TTFB i.e. time between request being made and the start of response received is slow, which suggests either the request takes a long time to get there or the server is slow generating the response.
If you look at request 22 for example 2757ms to receive a response but only 1ms to download it (it probably fits in a single TCP packet)
Most of the images are pretty small, have you thought about using datauris or a sprite image?
I looked at Full Optimization Checklist and there are 82% compresss img and from 18 to last img are checked. Thus I thought there were compressed…
Those img are repeated img and I excluded them from sprites. At least I tried included them and applied to website but I can see other imgs in the sprite.
I did informed my host regarding TTFB and webpagetest but they told me it mostly test scripts or something like that… I asked them to reduced it without increasing the resources.
Image compression looks at JPEG images and looks for an opportunity to save bytes by compressing them FURTHER (not that they aren’t compressed at all).
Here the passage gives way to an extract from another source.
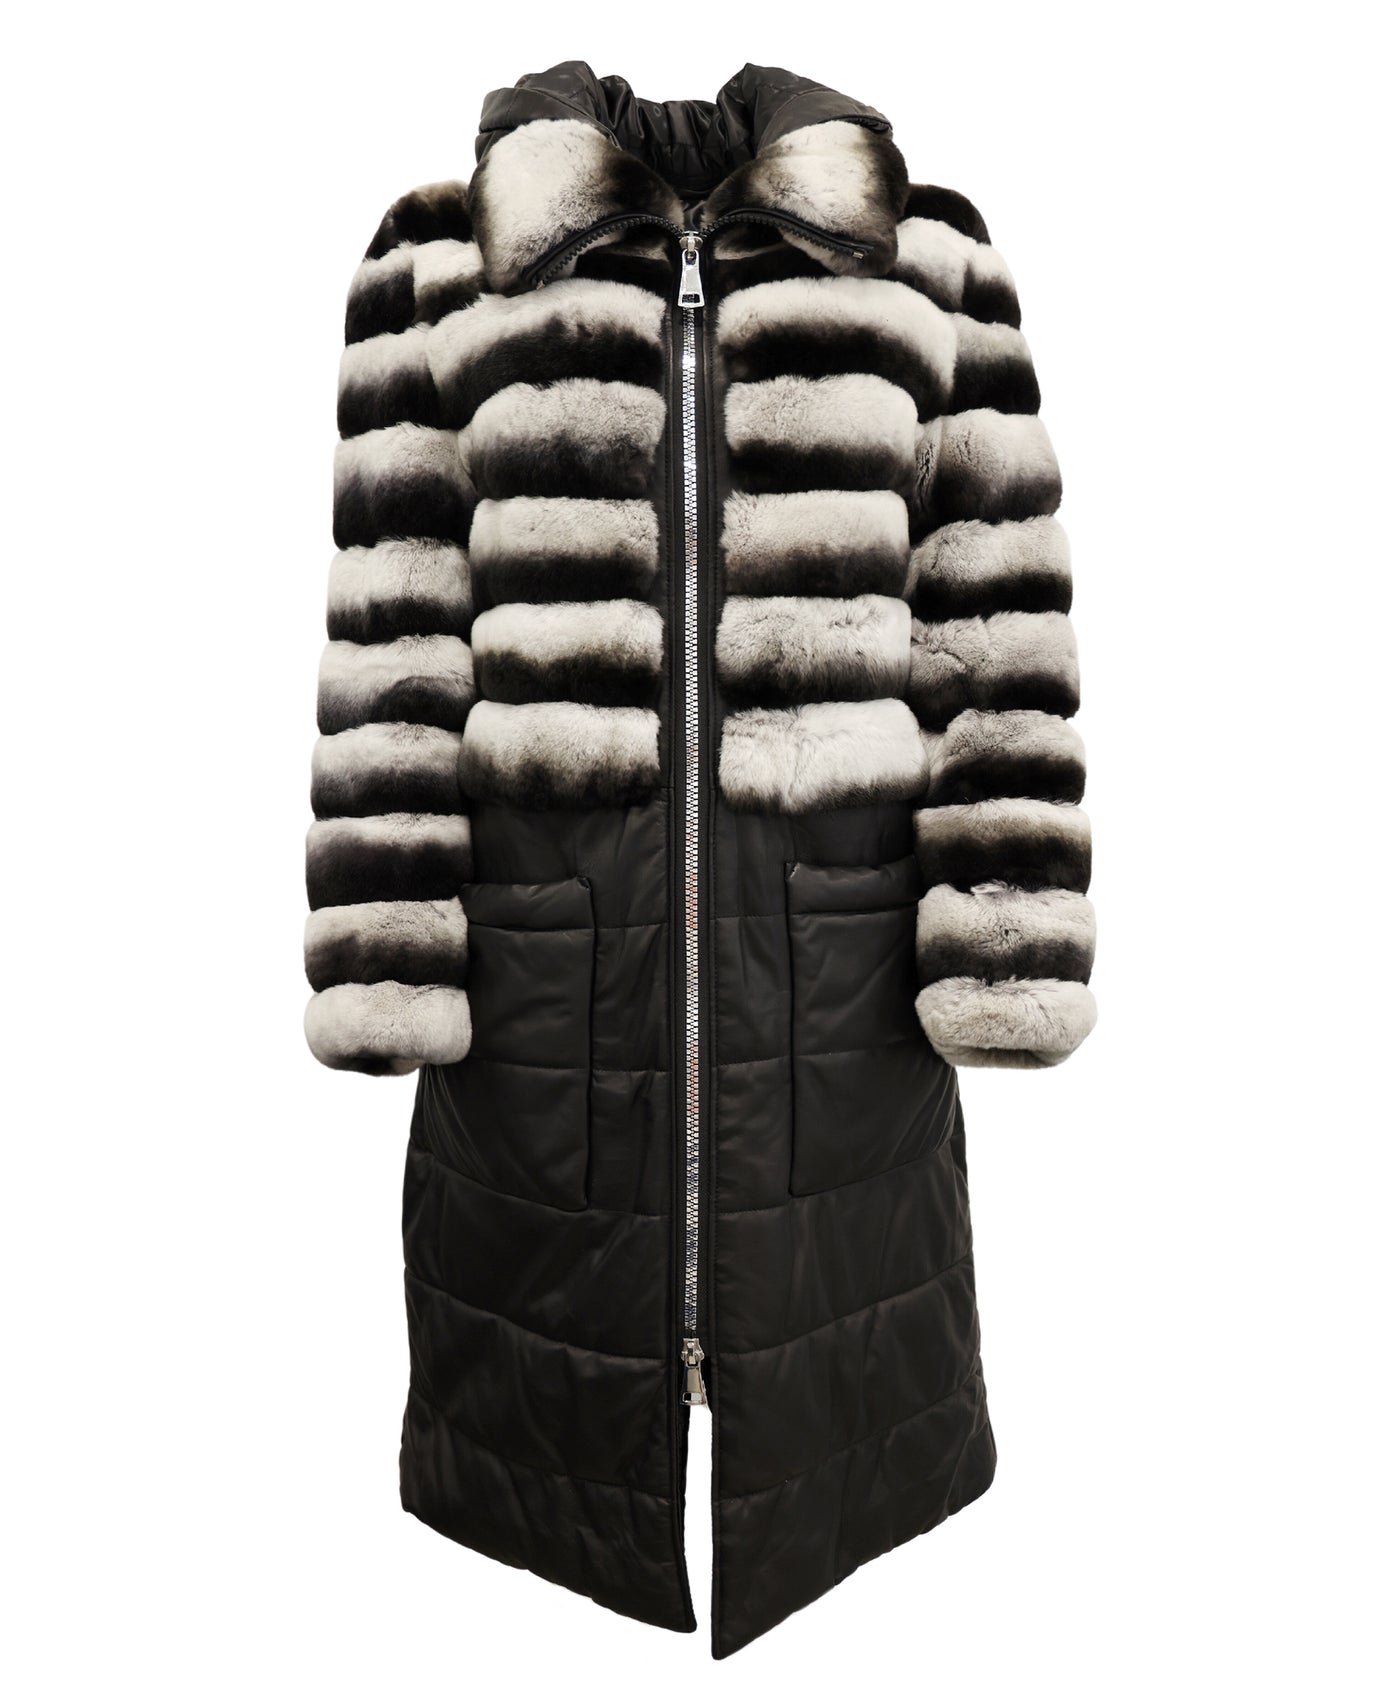 Fur Coat w/ Hood image 1

It is super-conservative and tries re-compressing jpeg images at a quality level of 85 which should not have any perceivable visual difference.
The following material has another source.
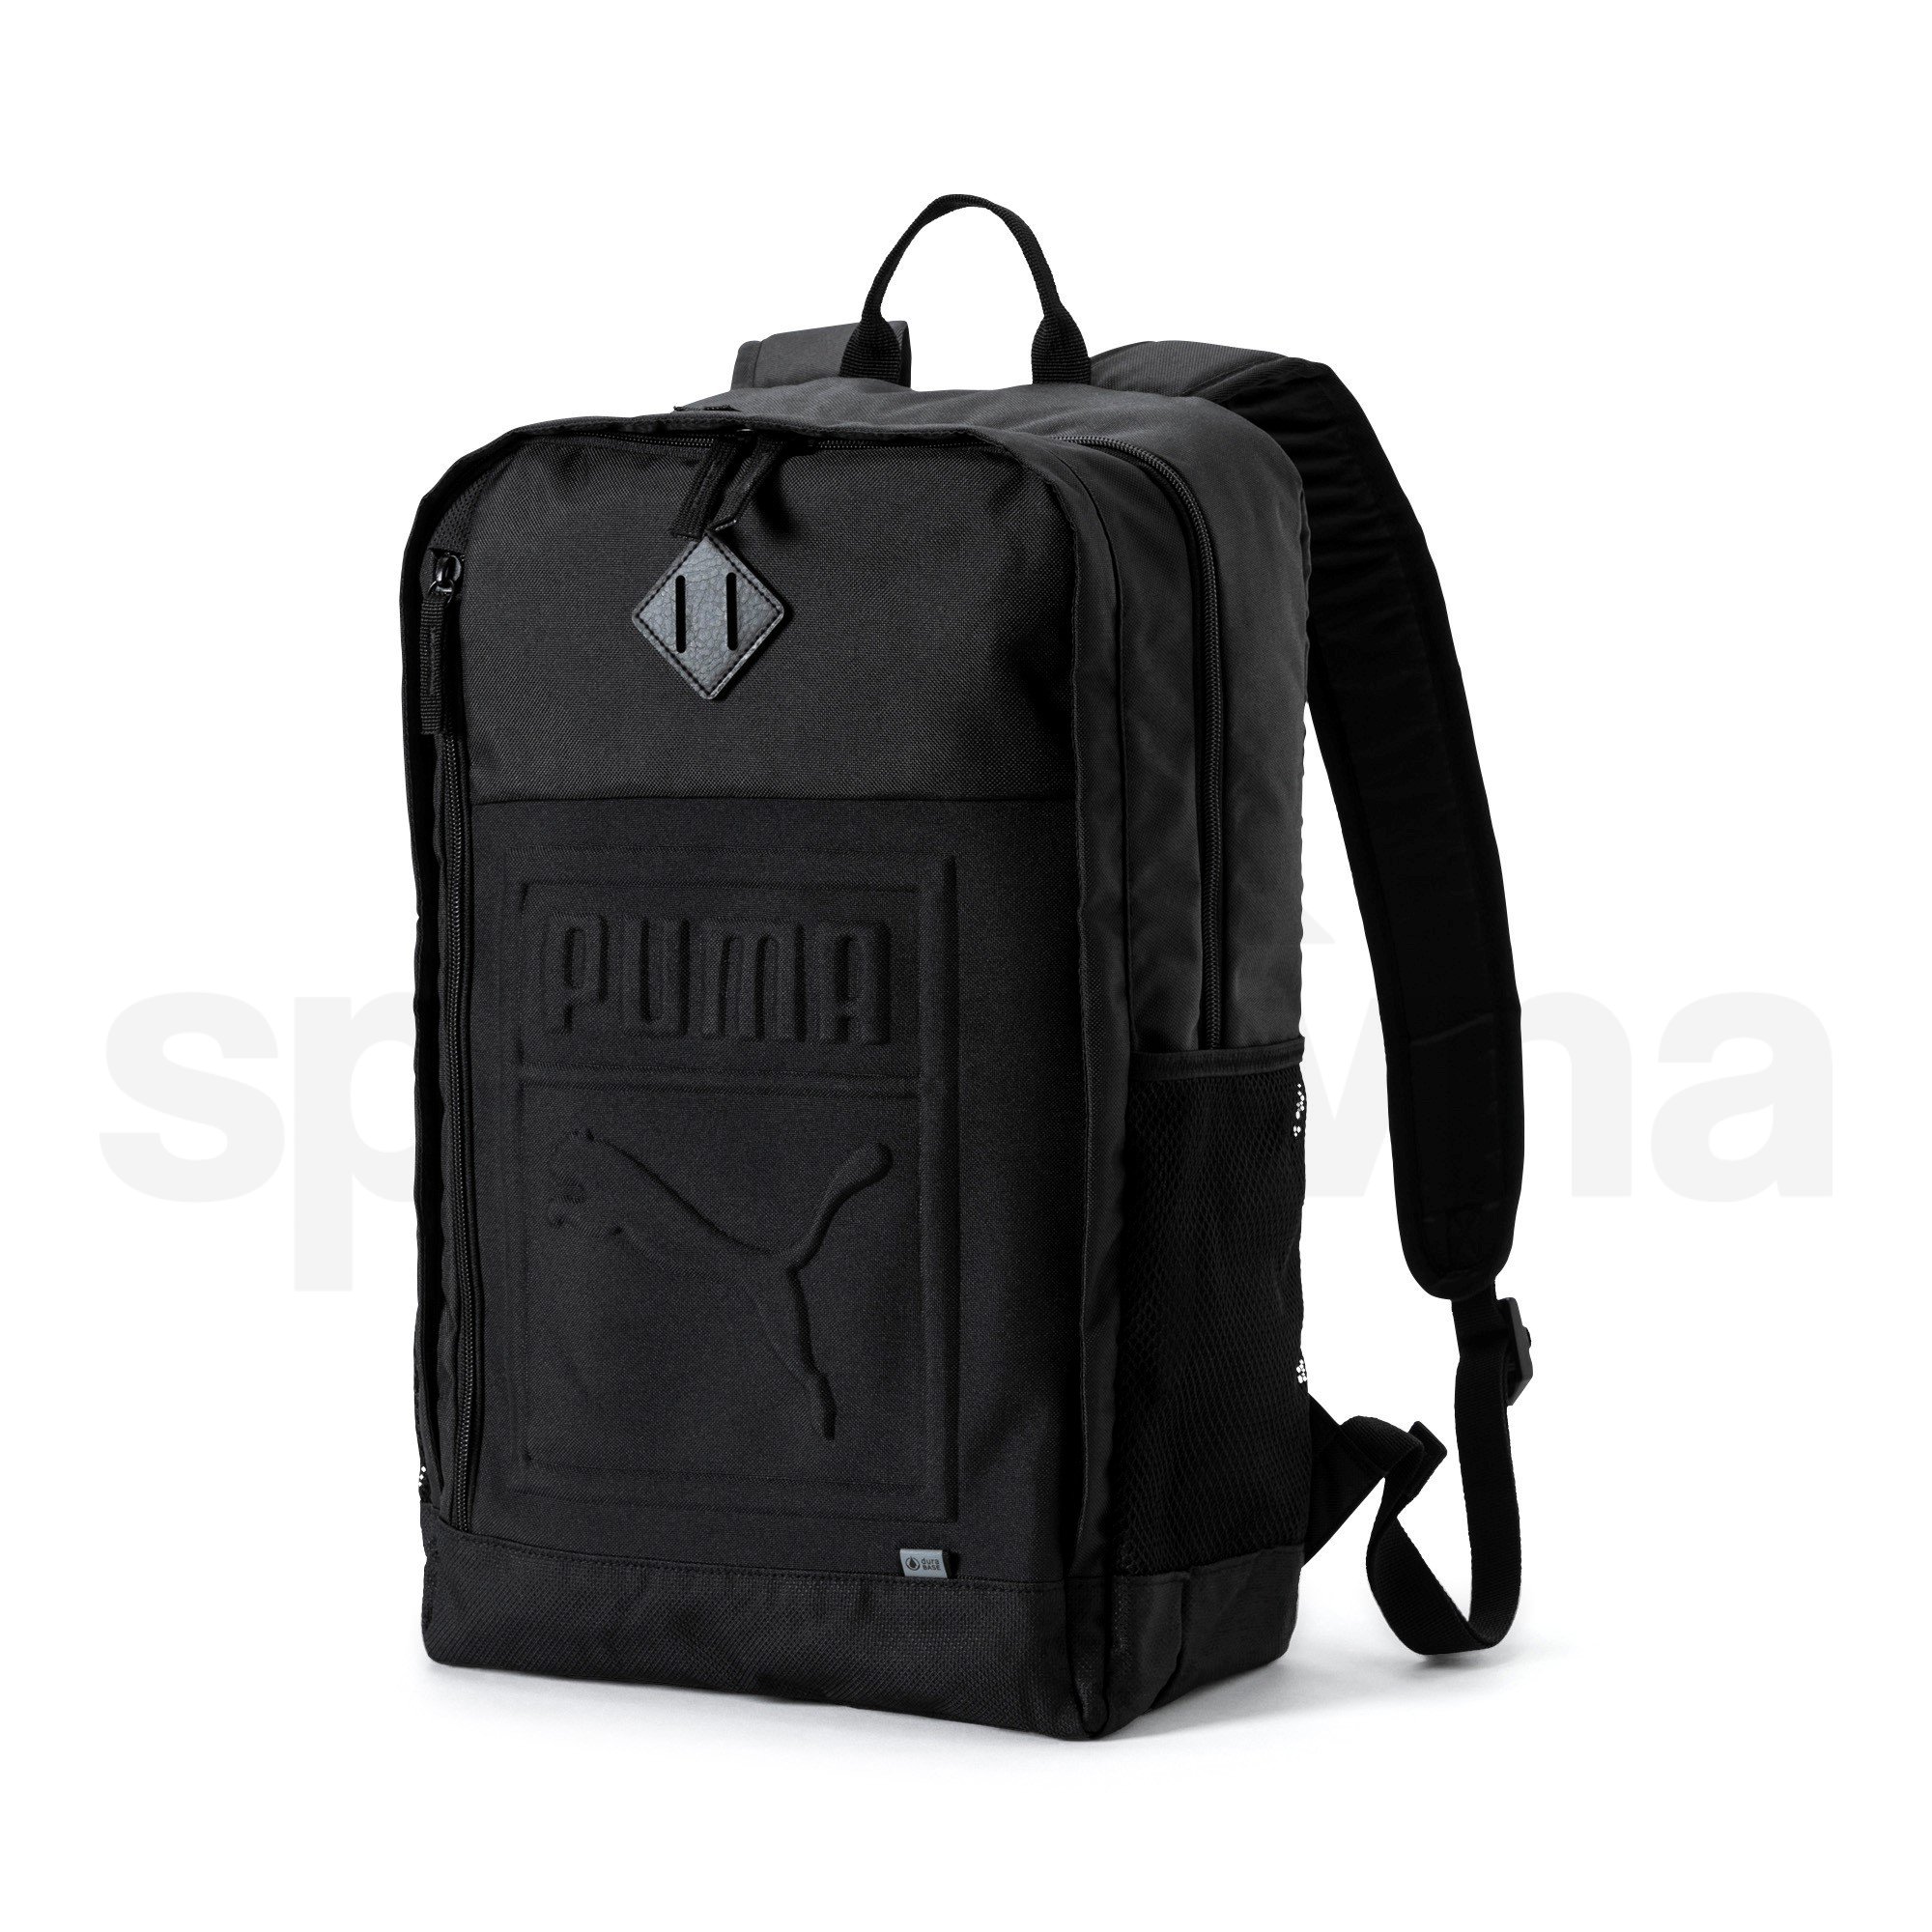 Batoh Puma S Backpack - černá

It seems that when I applied subdomain like images1.domain.com/mod/ to those images will make them load longer. Now I removed it and just put /mod/xxx.png…
Any reason why this happen? I thought it could help to reduce loading time but not increase them…
A new sub-domain (sharding) has some start-up cost where the browser has to do the DNS lookup and establish new connections. It usually only pays off if you have a LOT of static content that you need to serve.